We can sample from the Gaussian (or normal) as shown below.

np.random.normal(mu, sigma, size=(10, 10))

array([[-1.04883453,  1.99713339, -0.17245203, -0.77078552,  1.5669609 ,
-1.00079803,  0.33799476, -2.12561343, -1.29440599, -0.95701883],
[ 0.12783447,  0.18120036,  1.8743029 , -0.78009534, -0.06358307,
-0.94137759, -0.5893523 , -0.58830864, -2.73688688, -1.07817684],
[-0.4129788 , -0.07174383,  0.41423889,  1.49778924, -1.48863642,
0.49999226,  1.33907339,  0.35494098,  1.23655945, -0.8098314 ],
[-0.54092773,  0.29345958,  1.58641094,  1.45543101,  0.38843555,
-2.27823182, -0.57397205, -1.34373465, -1.57065532, -0.28093902],
[ 1.31192687,  0.72844953, -0.24974771,  0.00726044,  0.02537142,
-0.06178455, -0.02734276, -1.47112918, -0.63595471,  1.36091162],
[-2.2836408 , -0.29064776, -1.85607859,  0.72140302, -1.55988144,
-0.26955426, -0.73851607, -1.35397422,  1.07783342,  0.78141596],
[-1.33214416,  0.97064713, -0.3337505 , -1.09735993, -0.99878837,
0.47622934, -1.06541807, -1.03610565,  1.55951125, -2.2136247 ],
[ 0.5519943 ,  0.72446498,  1.7072299 ,  0.64640045, -1.37111427,
-0.52697155, -1.65955206,  0.82730395,  0.6660435 ,  0.95897816],
[ 2.0446095 , -0.03596171, -2.11955621, -1.90196606, -1.56178734,
0.08282825,  0.54516254,  0.45916109,  0.17302571, -0.6298943 ],
[-0.873815  , -0.57184926, -1.13034752,  0.01794838,  1.56600009,
1.98312058, -0.72160458, -0.16692888, -0.09635971, -1.32565599]])


## 16.8.7. Summary¶

• Bernoulli random variables can be used to model events with a yes/no outcome.

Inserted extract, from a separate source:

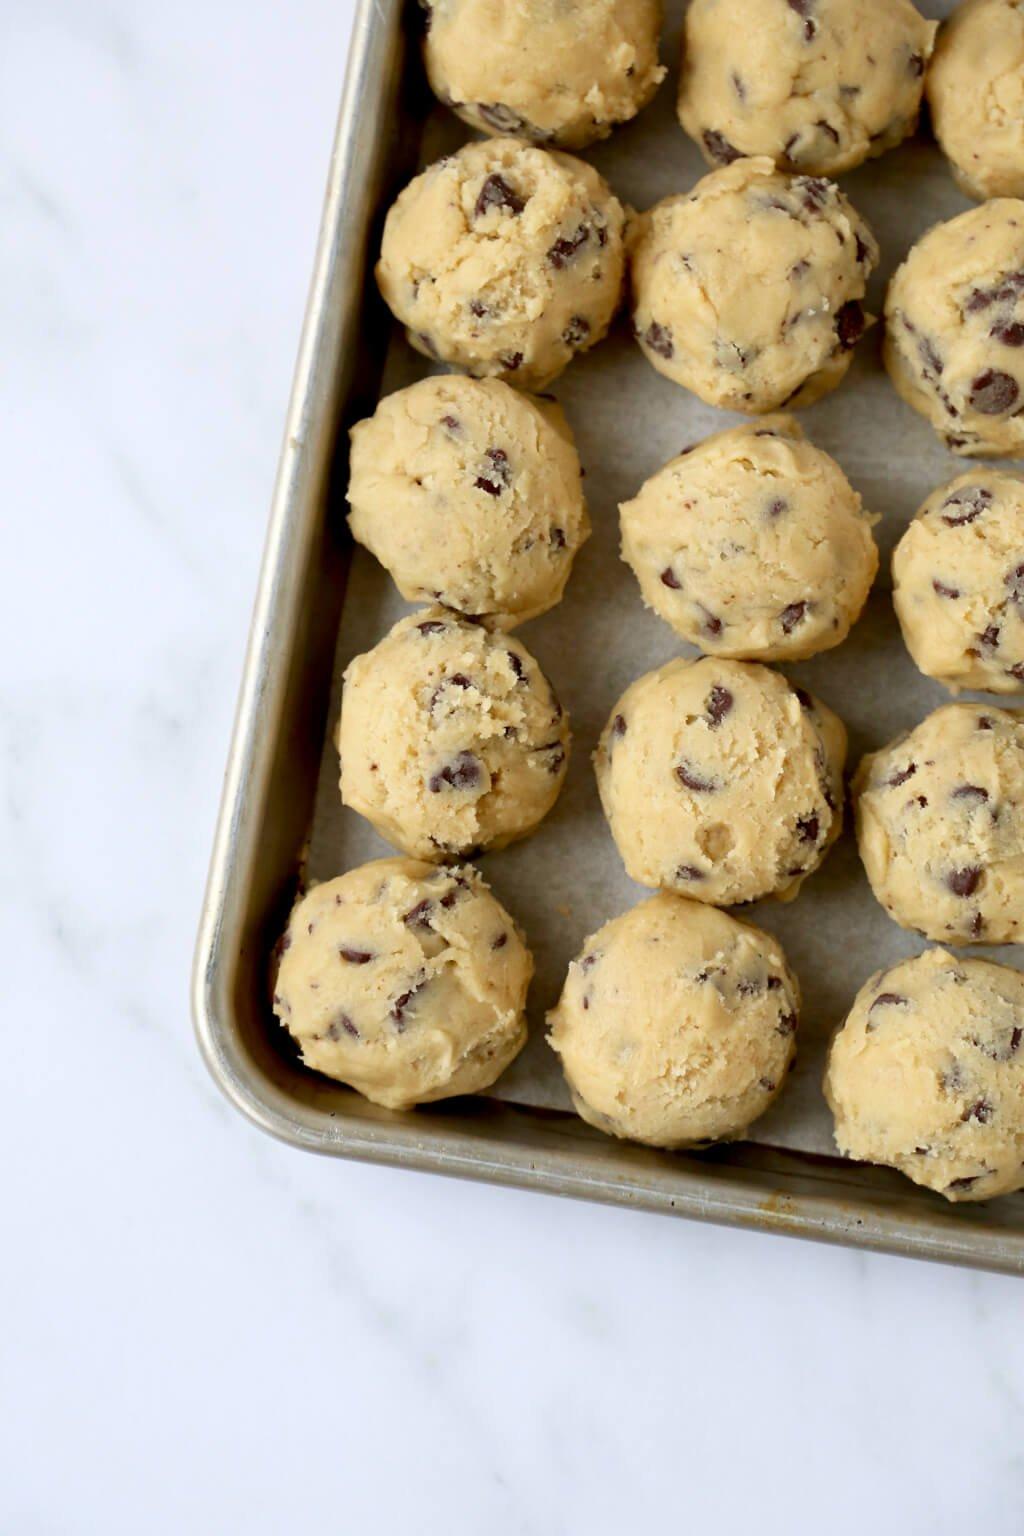 raw cookie dough balls on a baking sheet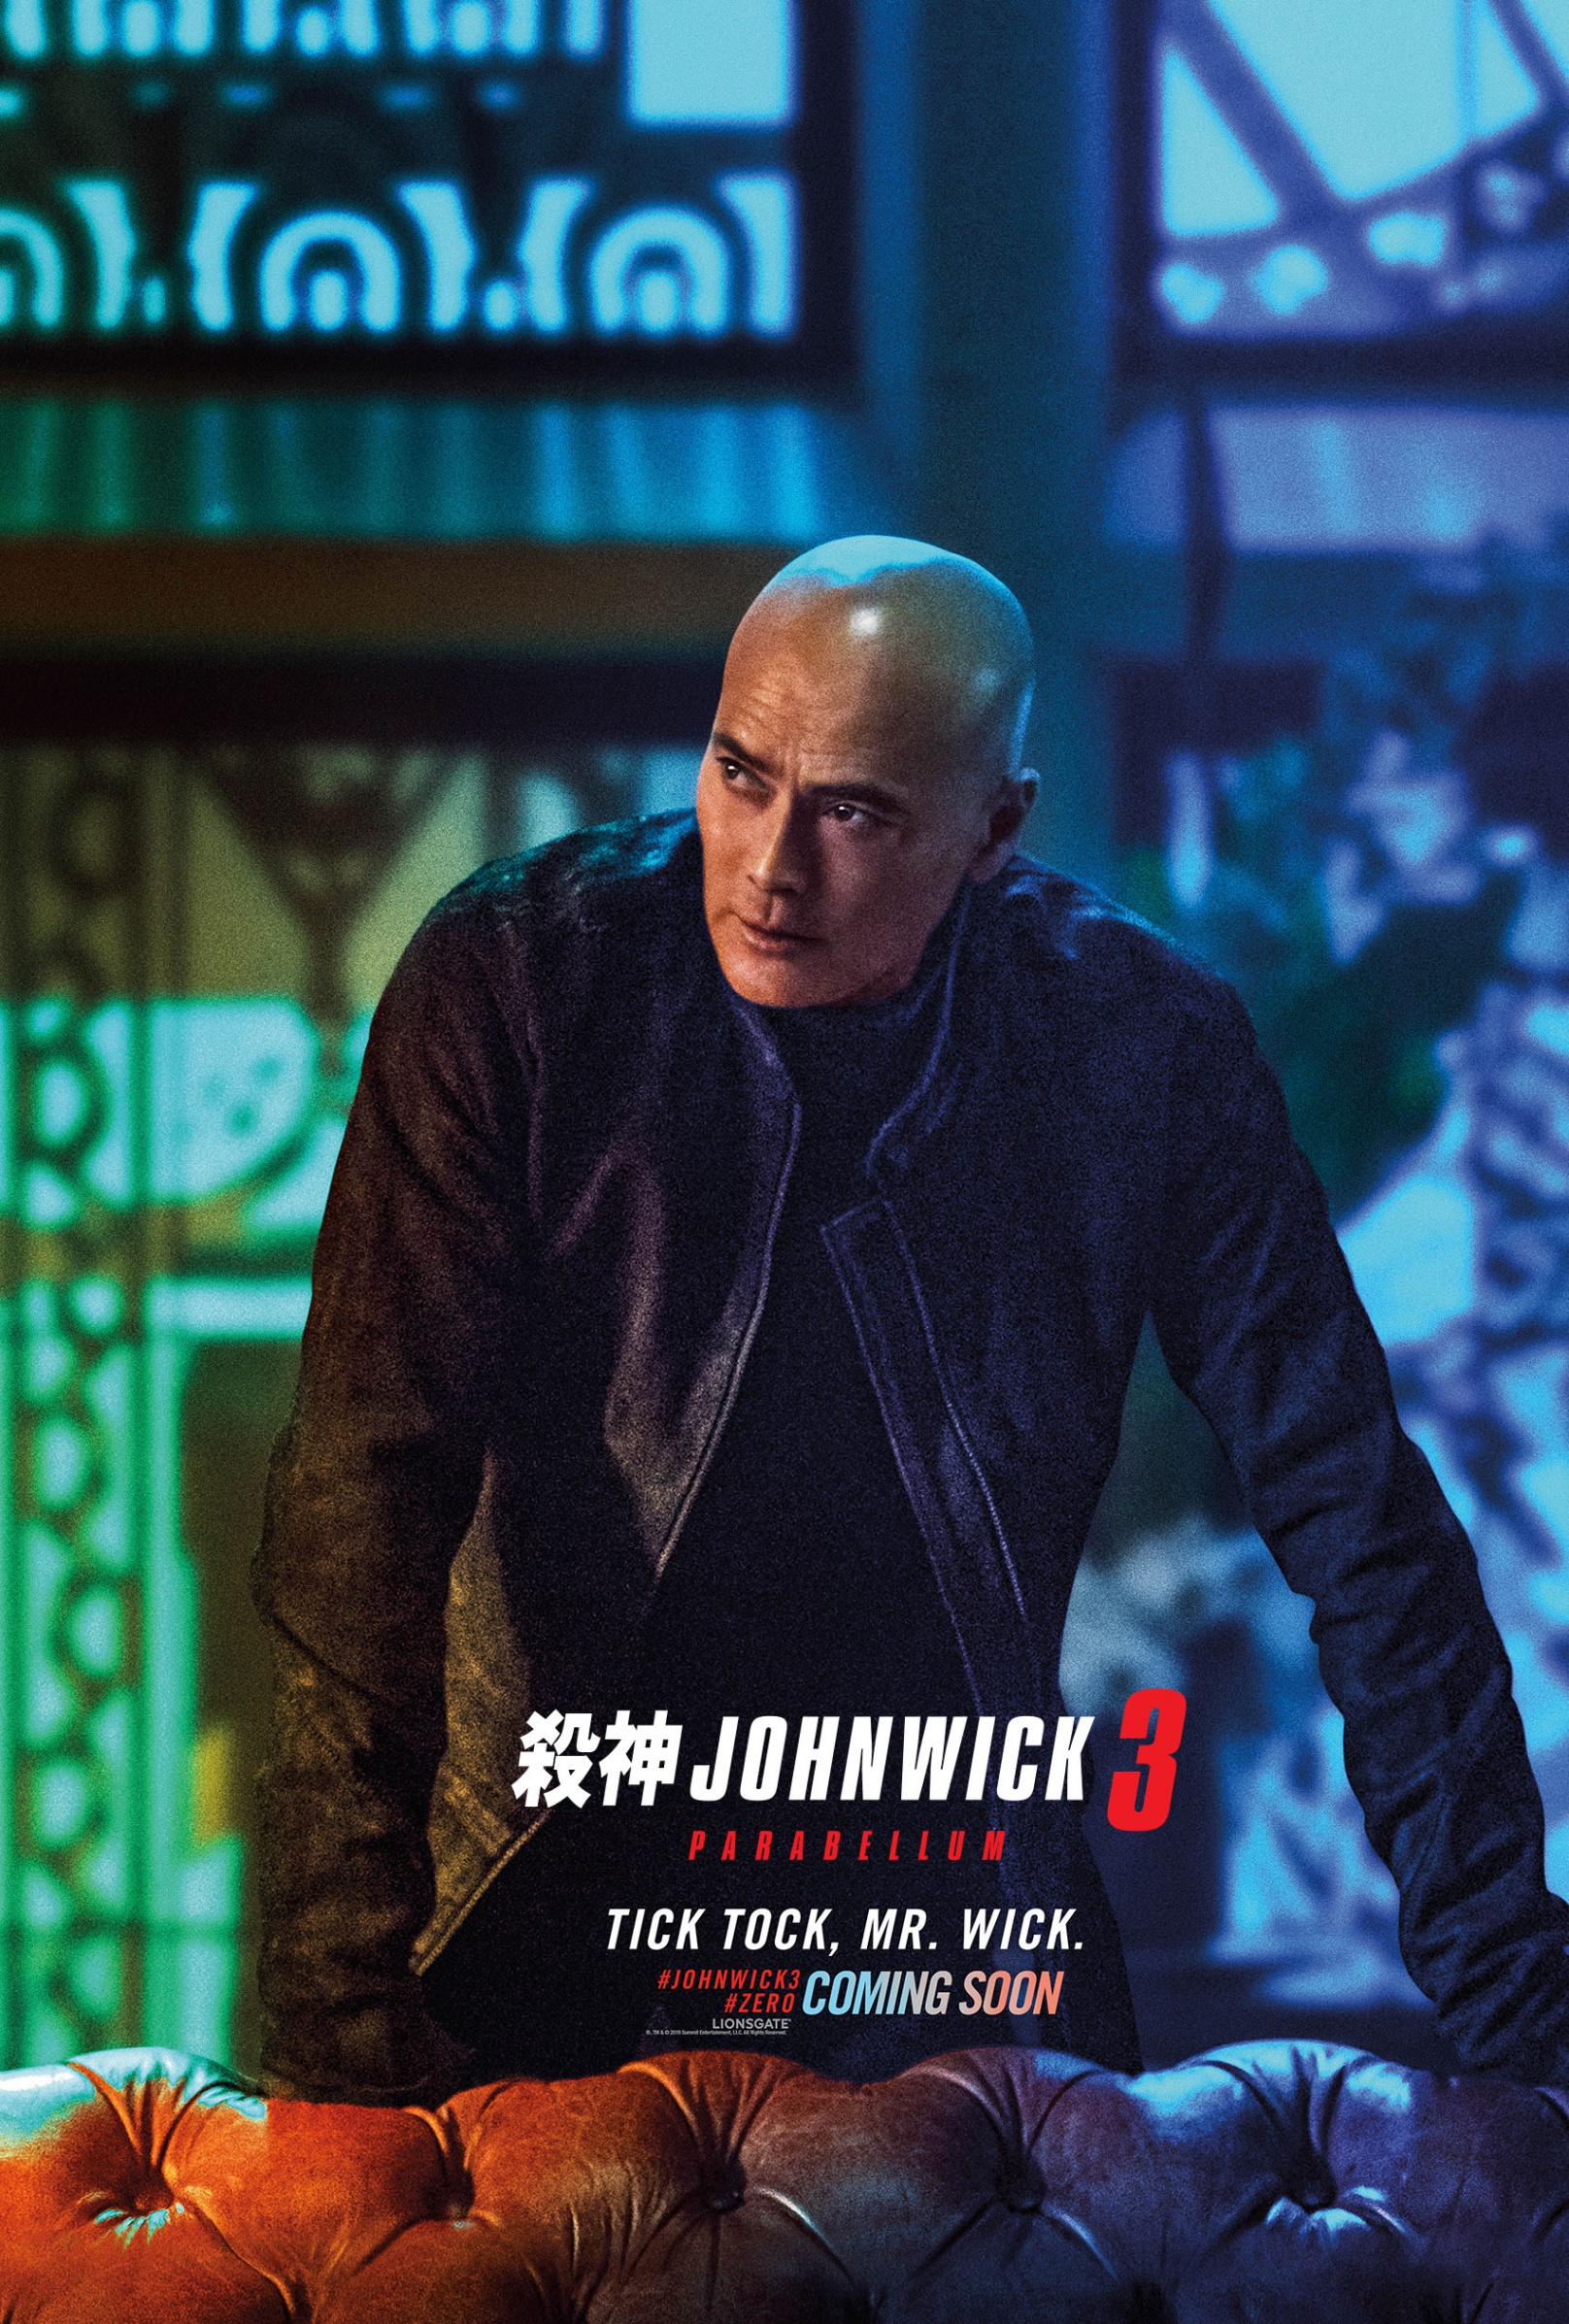 20190322_JohnWick3Parabellum_Poster10.jpg

• Discrete uniform distributions model selections from a finite set of possibilites.

• Continuous uniform distributions select from an interval.

• Binomial distributions model a series of Bernoulli random variables, and count the number of successes.

• Poisson random variables model the arrival of rare events.

• Gaussian random variables model the results of adding a large number of independent random variables together.

## 16.8.8. Exercises¶

1. What is the standard deviation of a random variable that is the difference $$X-Y$$ of two indepent binomial random variables $$X,Y \sim \mathrm{Binomial}(16,1/2)$$.

2. If we take a Poisson random variable $$X \sim \mathrm{Poisson}(\lambda)$$ and consider $$(X - \lambda)/\sqrt{\lambda}$$ as $$\lambda \rightarrow \infty$$, we can show that this becomes approximately Gaussian. Why does this make sense?

3. What is the probability mass function for a sum of two discrete uniform random variables on $$n$$ elements?